Artificial intelligence has the potential to put these trends on steroids. Many actors got their start in the industry, along with membership in the union (and thus healthcare and other benefits), through a few stints as a film extra. But digital imagery is now eliminating many of those jobs. Even established actors could see their incomes slashed if studios are able to use their digital images repeatedly in new films. 

What goes for them goes for writers, too. “You can imagine studios applying their version of ChatGPT to, say, a new Marvel script with digital images they already own and spitting out a screenplay in three weeks instead of six months, giving authors $15,000 a week instead of $500,000, with no ownership,” says former producer Jonathan Taplin, a USC professor and author of the forthcoming book “The End of Reality,” which examines Silicon Valley’s effect on our economy and society. 

This may seem like a “world’s tiniest violin” problem compared to those faced by, say, an Amazon warehouse worker.

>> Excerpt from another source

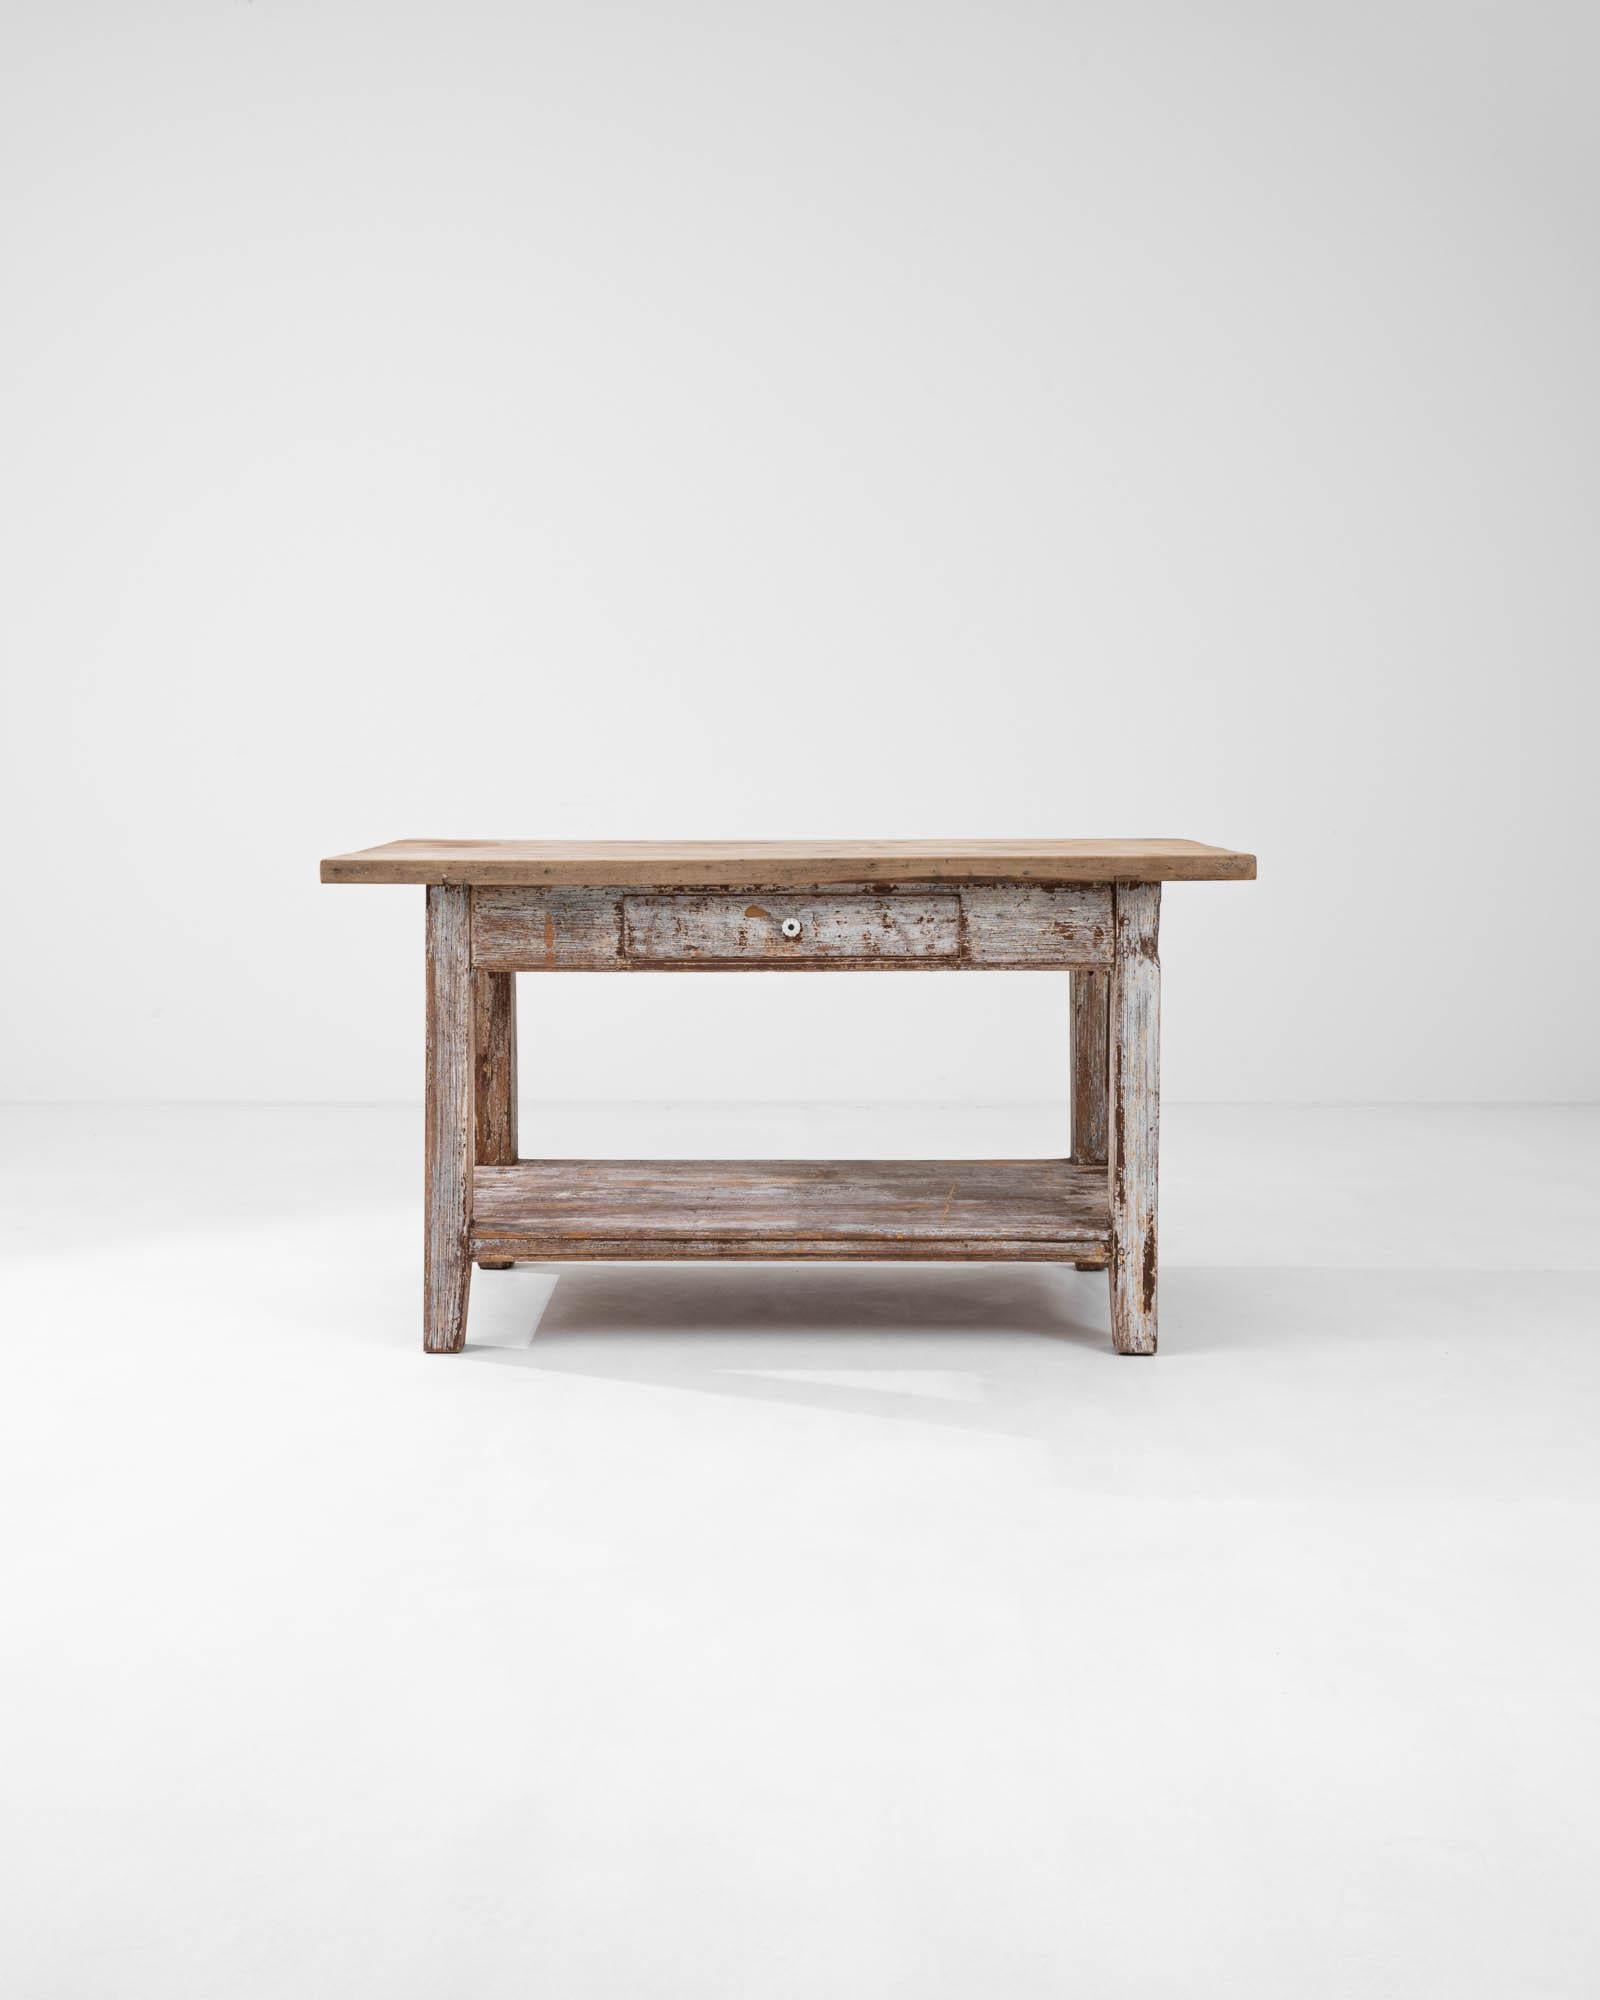 Die schlichte, strapazierfähige Form dieses Beistelltischs im Vintage-Stil hat einen zeitlosen Reiz. Die Anfang des 20. Jahrhunderts in Frankreich handgefertigte Tischplatte aus dicken Holzbrettern ruht auf einem stabilen Rahmen. Eine untere

But AI has the potential to disrupt jobs at all levels, from factory or call centre work to law or radiology. Many professionals do high paid but rote tasks which may be better done by algorithms. Furthermore, in a world in which intangibles represent more and more wealth, but intangible-rich firms create fewer and fewer jobs, the problem of how to divide the IP pie will inevitably spread.

In short, Hollywood’s current battle may be just the prequel to a long-running, multi-part series coming soon to a workplace near you.